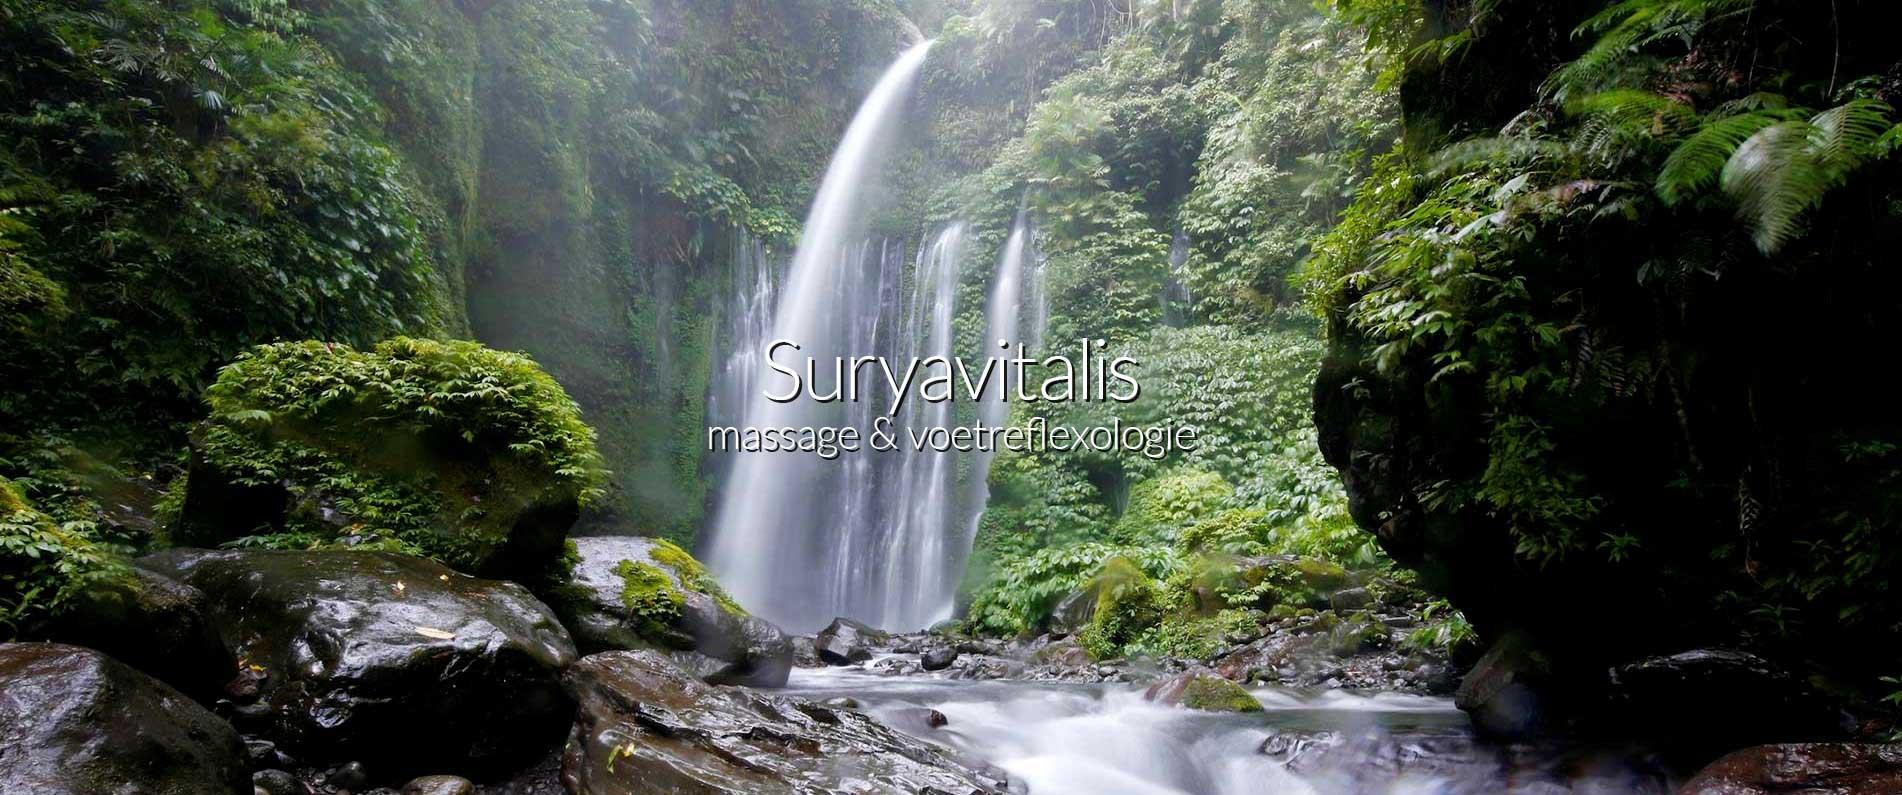 Suryavitalis
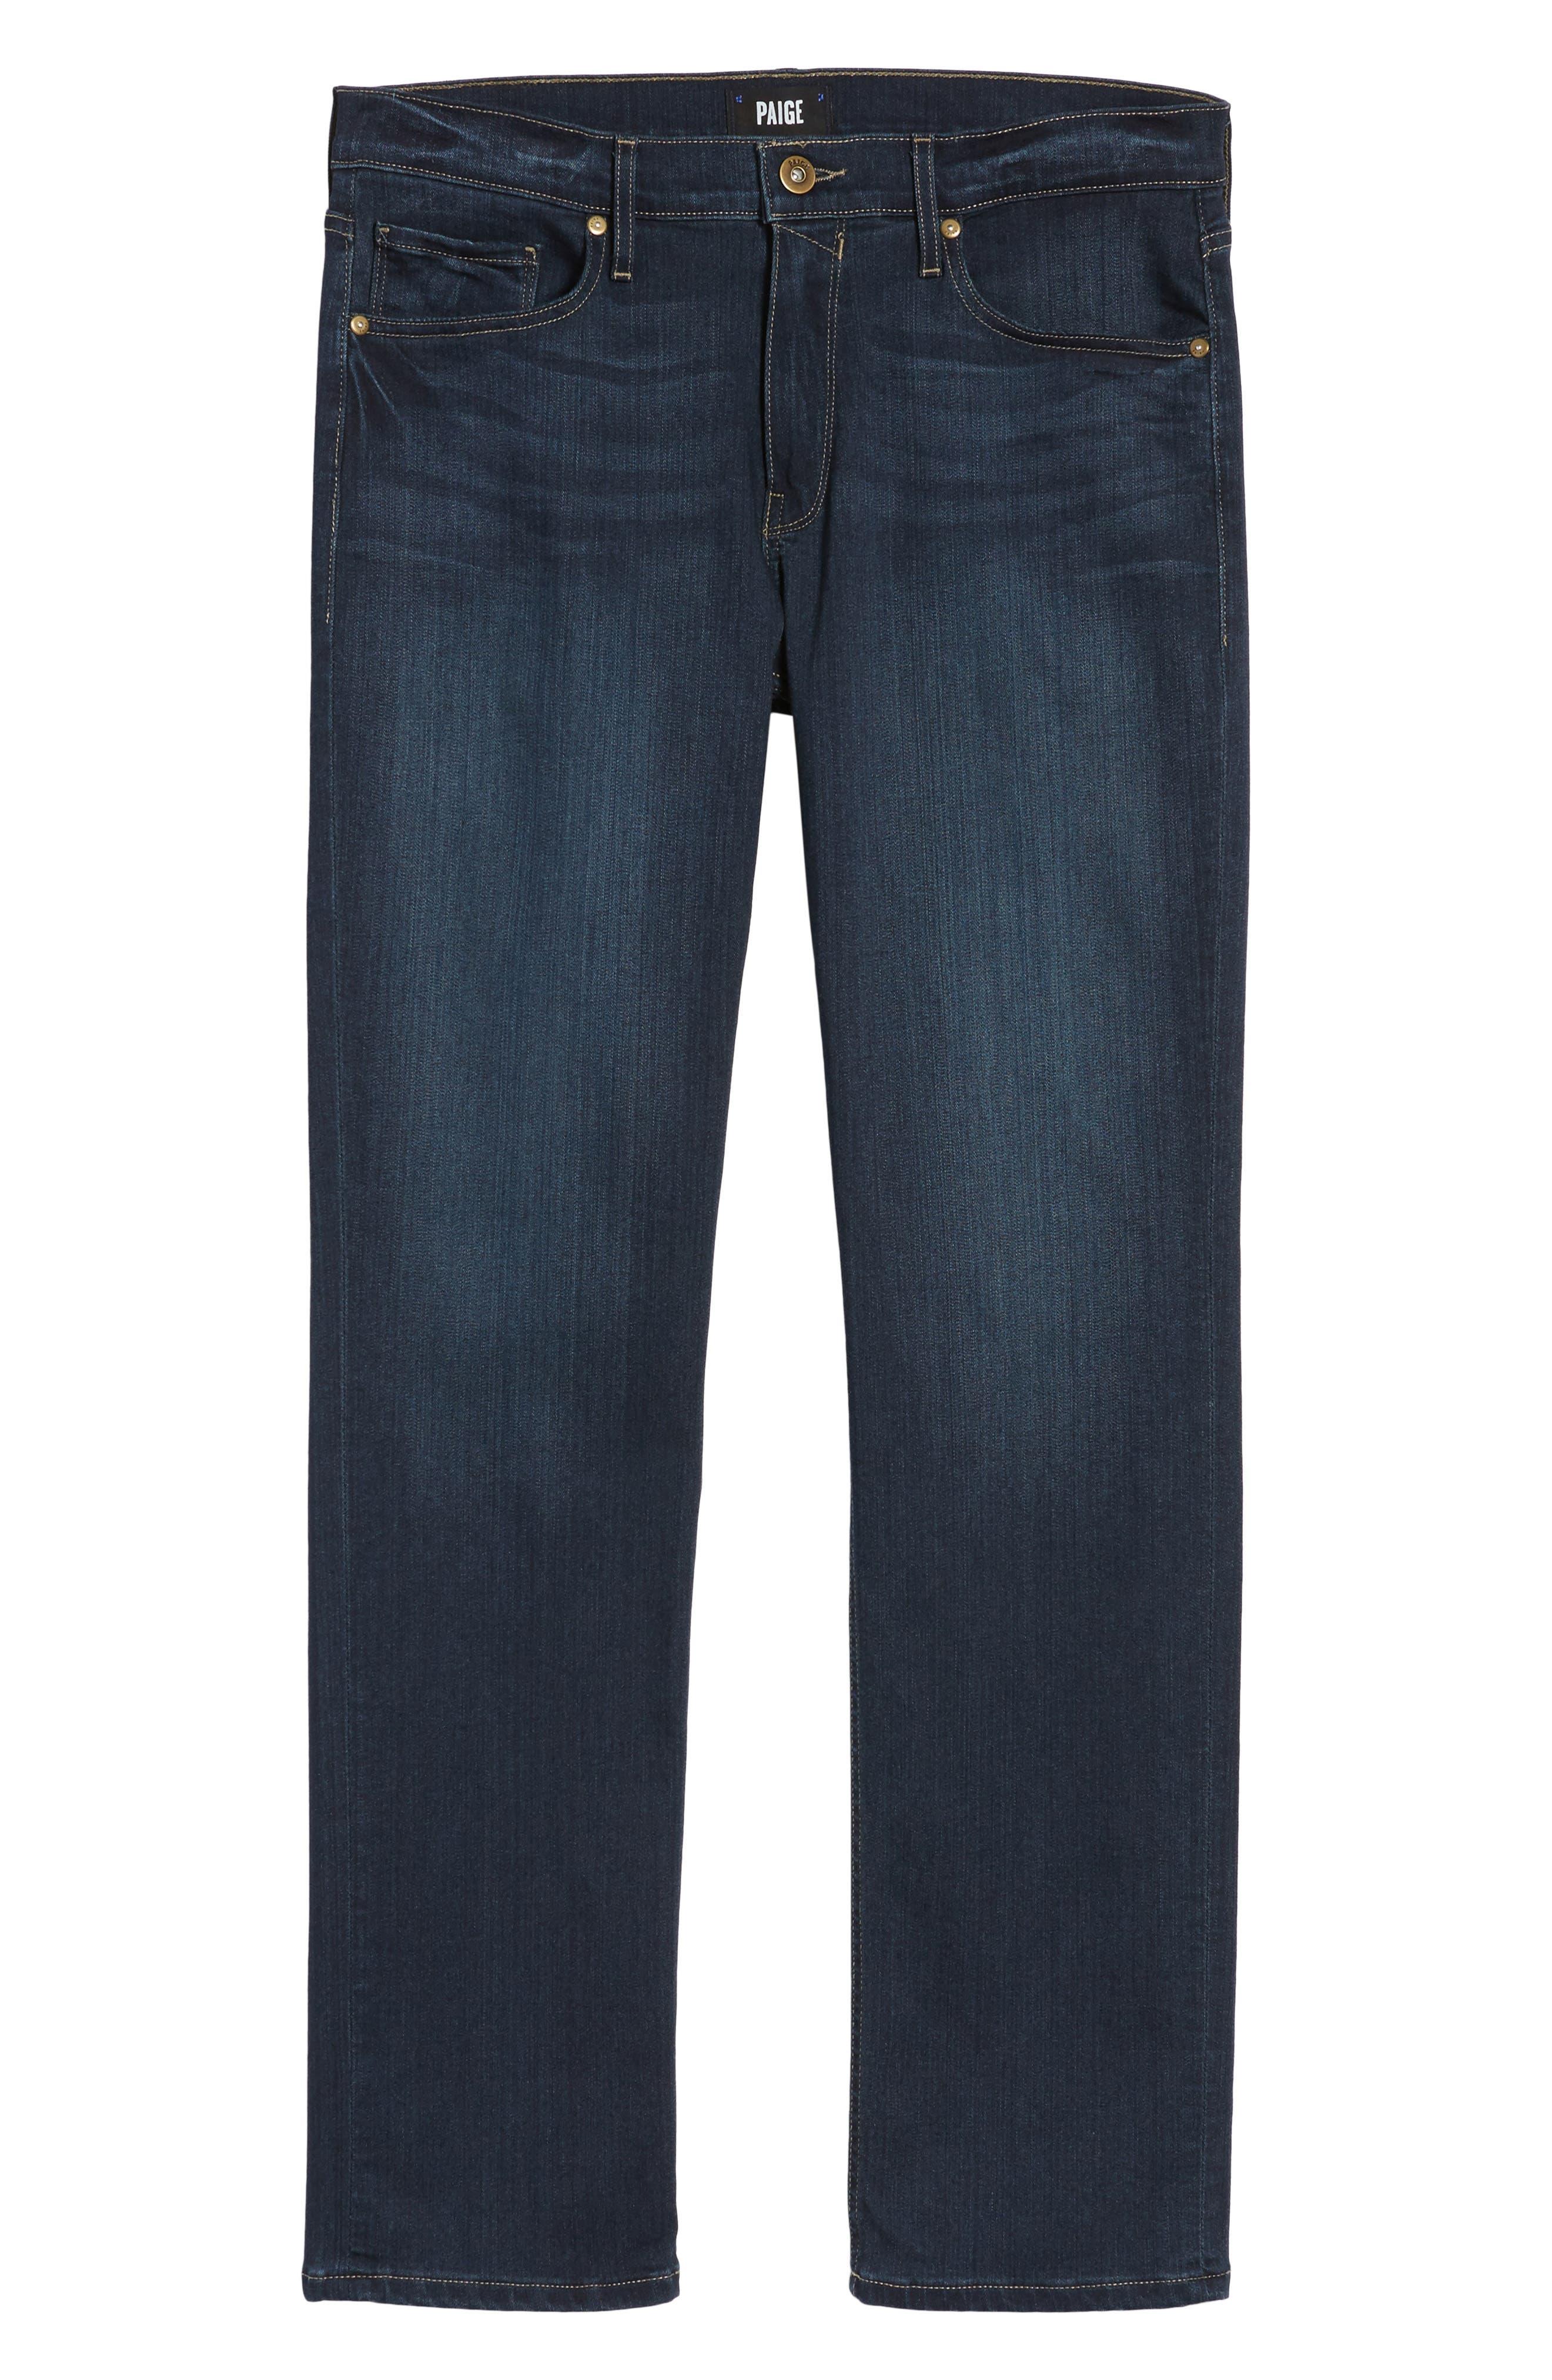 Transcend - Normandie Straight Fit Jeans,                             Alternate thumbnail 6, color,                             400
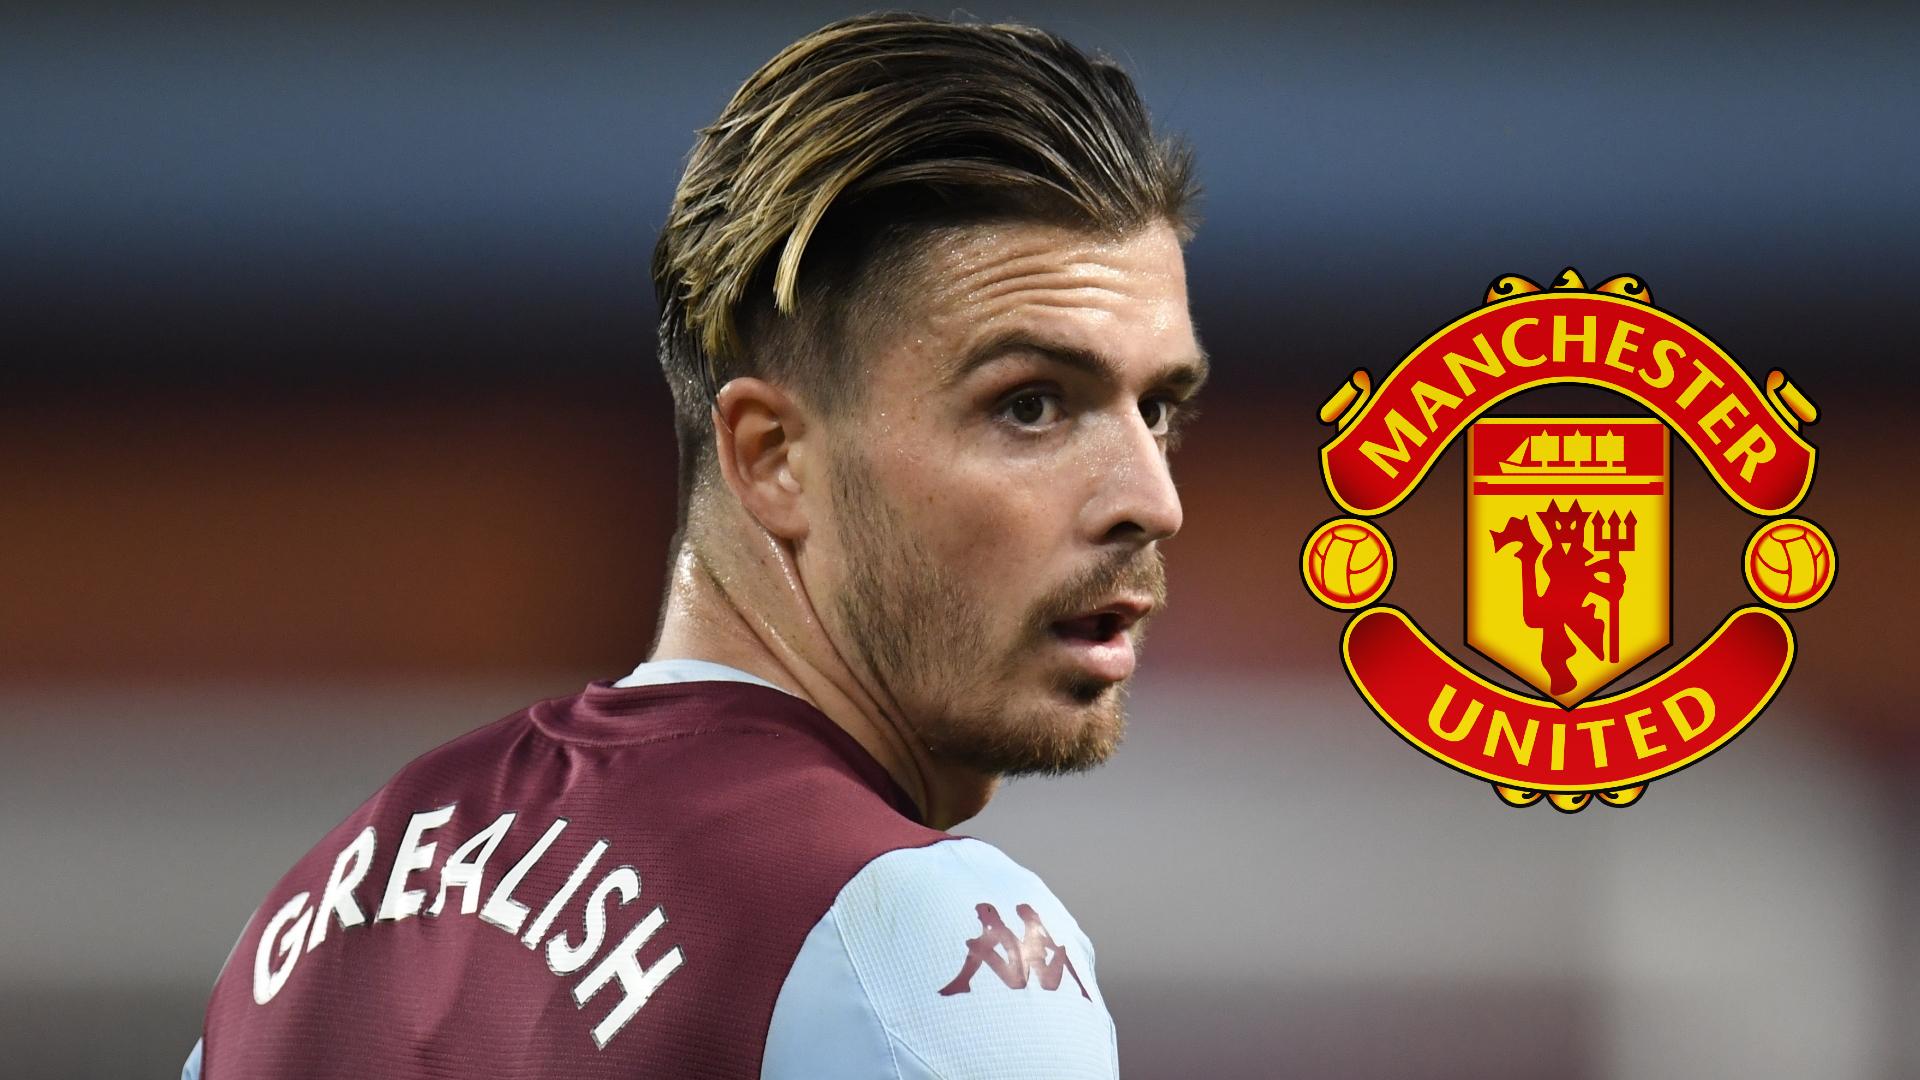 Transfer News And Rumours Live Man Utd Rekindle Grealish Interest Goal Com
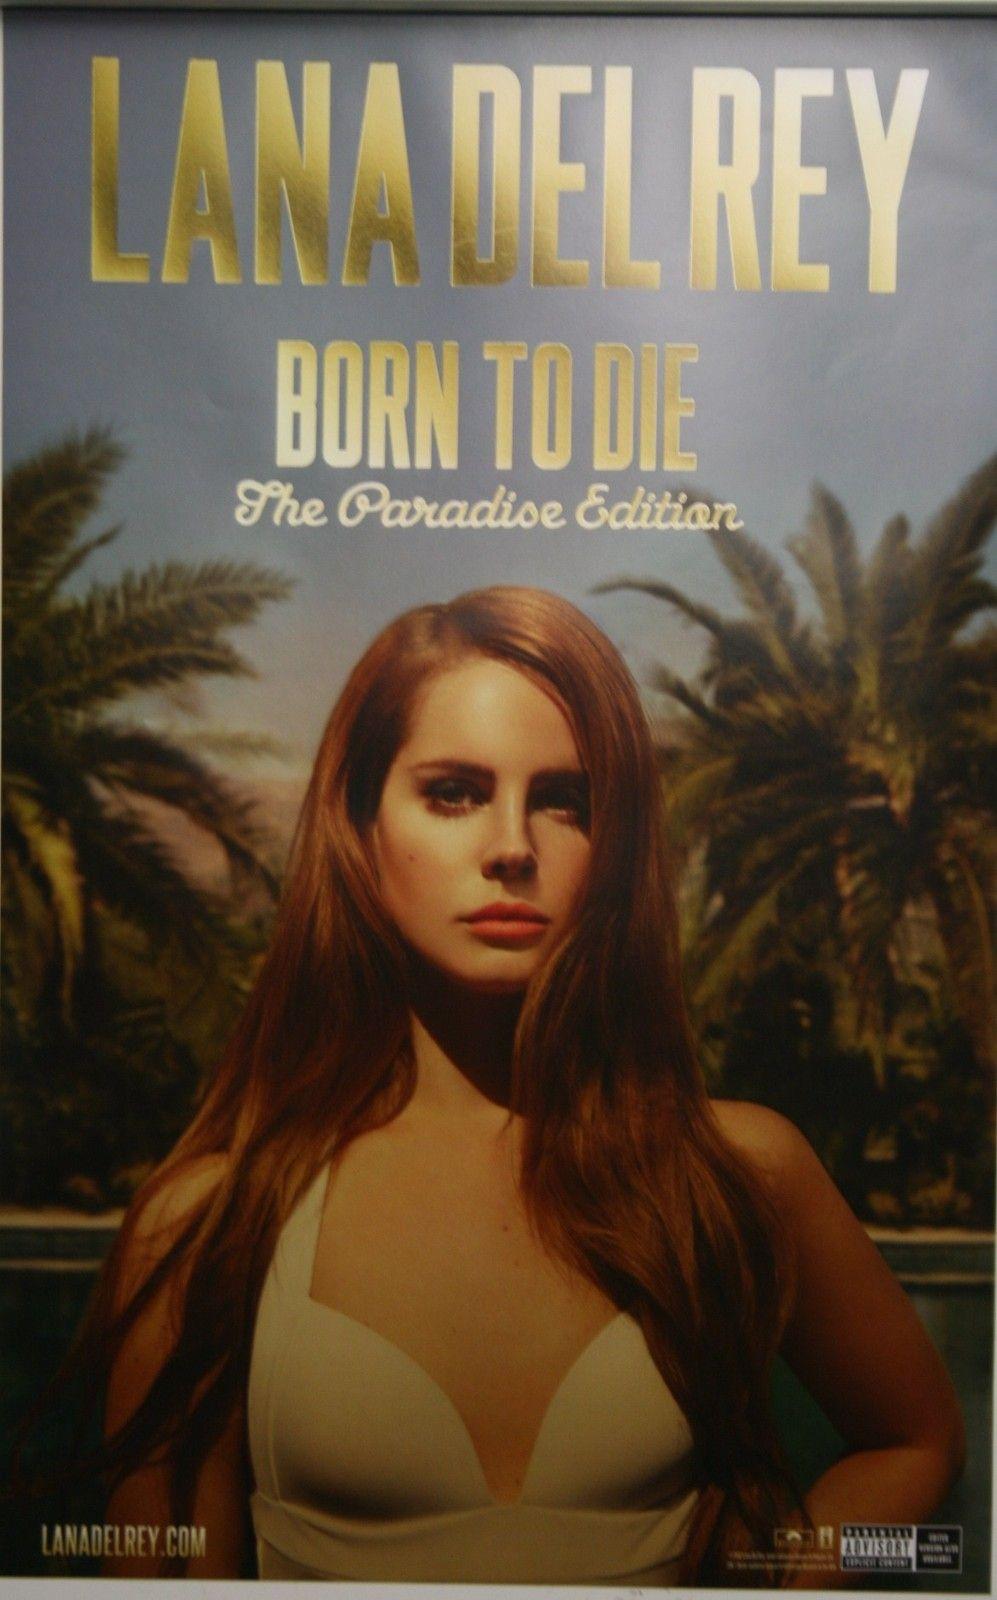 Lana Del Rey Poster Lana Del Rey Lana Del Rey Paradise Lana Del

### DIRECTIONS
Please reproduce, exactly and only, the lines from the line containing "Transfer News And" through the last line of the material above, minus any pictures.

### REPLY TO THE EXERCISE
 Transfer News And Rumours Live Man Utd Rekindle Grealish Interest Goal Com
 Lana Del Rey Poster Lana Del Rey Lana Del Rey Paradise Lana Del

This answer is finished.